## [MATERIAL PROVIDED]
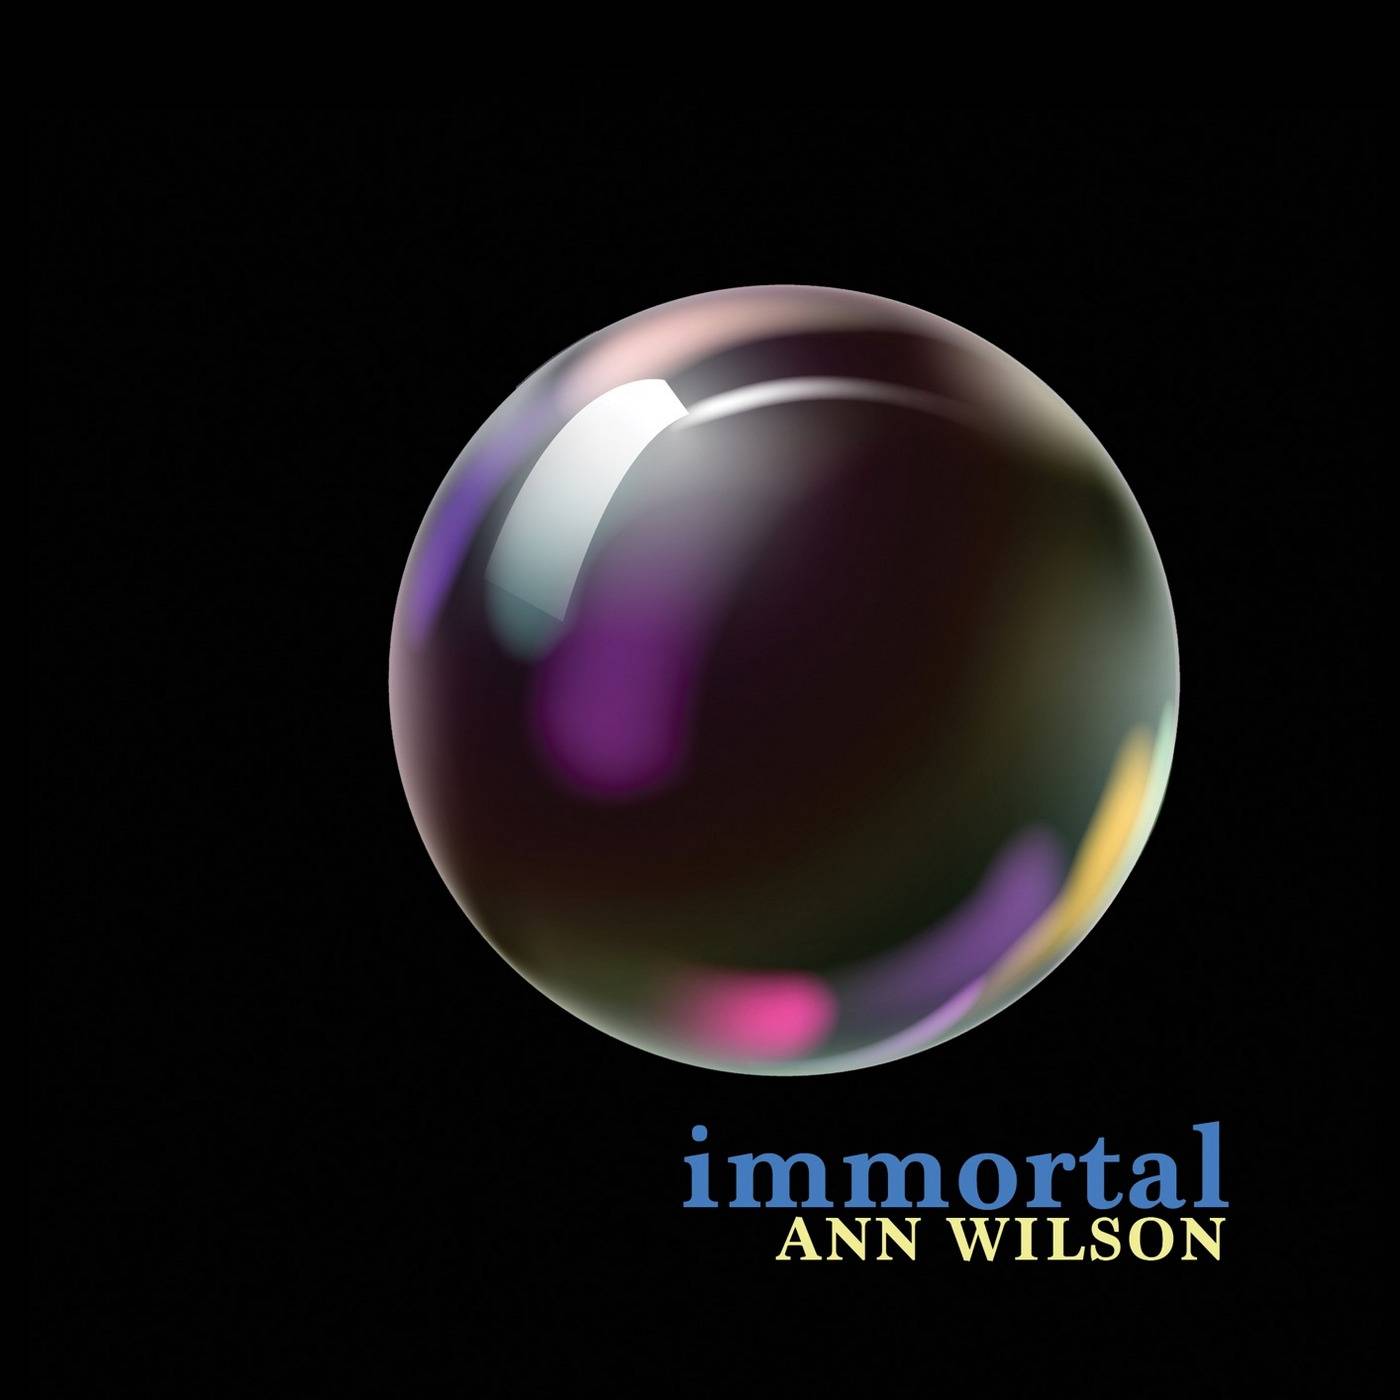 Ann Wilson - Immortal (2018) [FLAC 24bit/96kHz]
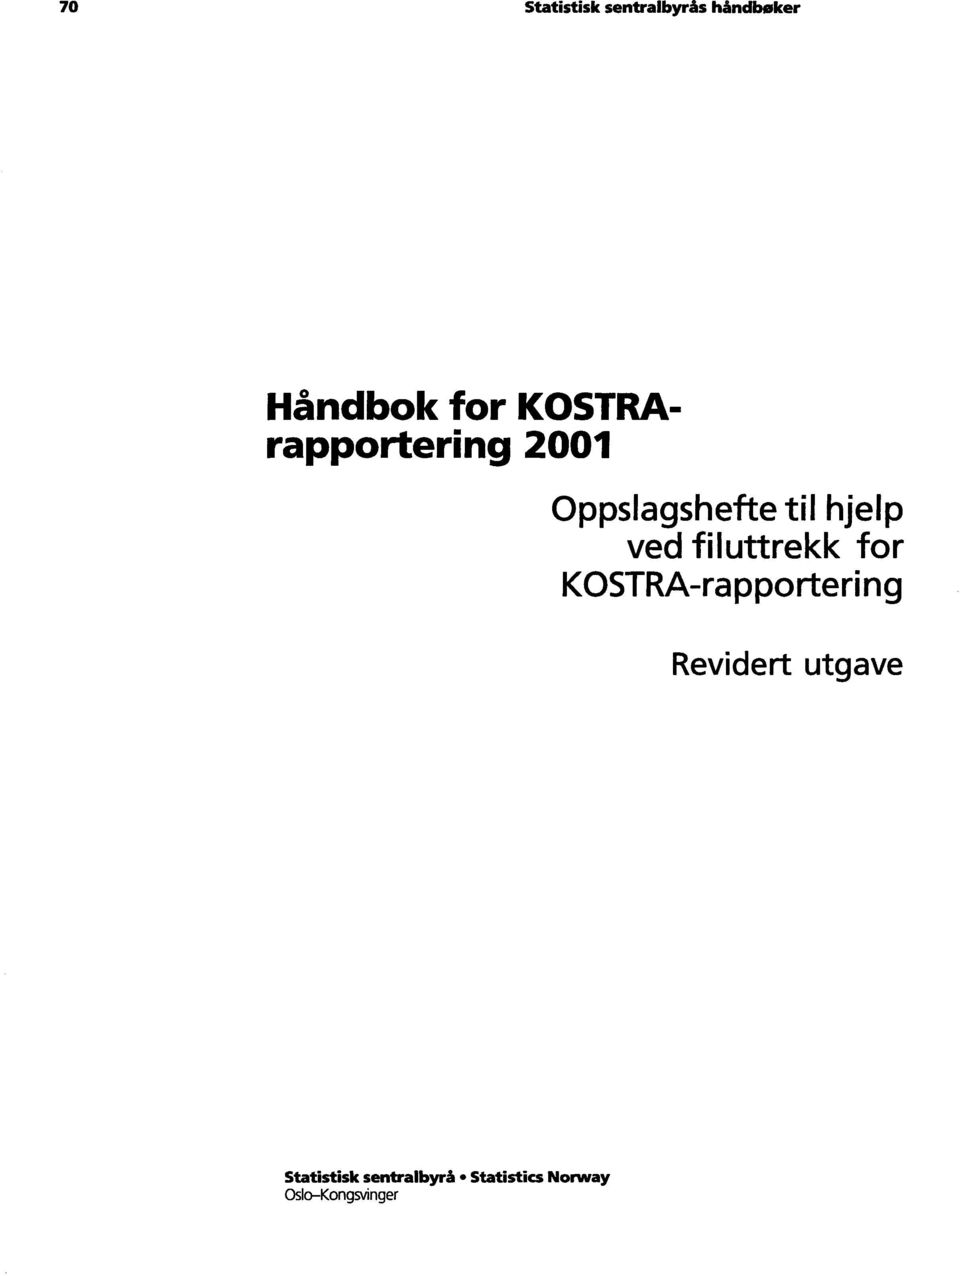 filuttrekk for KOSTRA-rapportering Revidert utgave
==
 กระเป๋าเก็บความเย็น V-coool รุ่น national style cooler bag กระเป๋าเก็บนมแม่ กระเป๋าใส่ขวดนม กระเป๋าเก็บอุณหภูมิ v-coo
* * *
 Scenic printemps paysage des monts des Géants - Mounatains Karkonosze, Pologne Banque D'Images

## [ASSIGNED TASK]
Please copy out from the data above, without any picture, exactly the lines running from the one that holds "Ann Wilson - Immortal" through the one that holds "filuttrekk for KOSTRA-rapportering", and nothing beyond them.

## [WRITTEN RESPONSE]
 Ann Wilson - Immortal (2018) [FLAC 24bit/96kHz]
 filuttrekk for KOSTRA-rapportering Revidert utgave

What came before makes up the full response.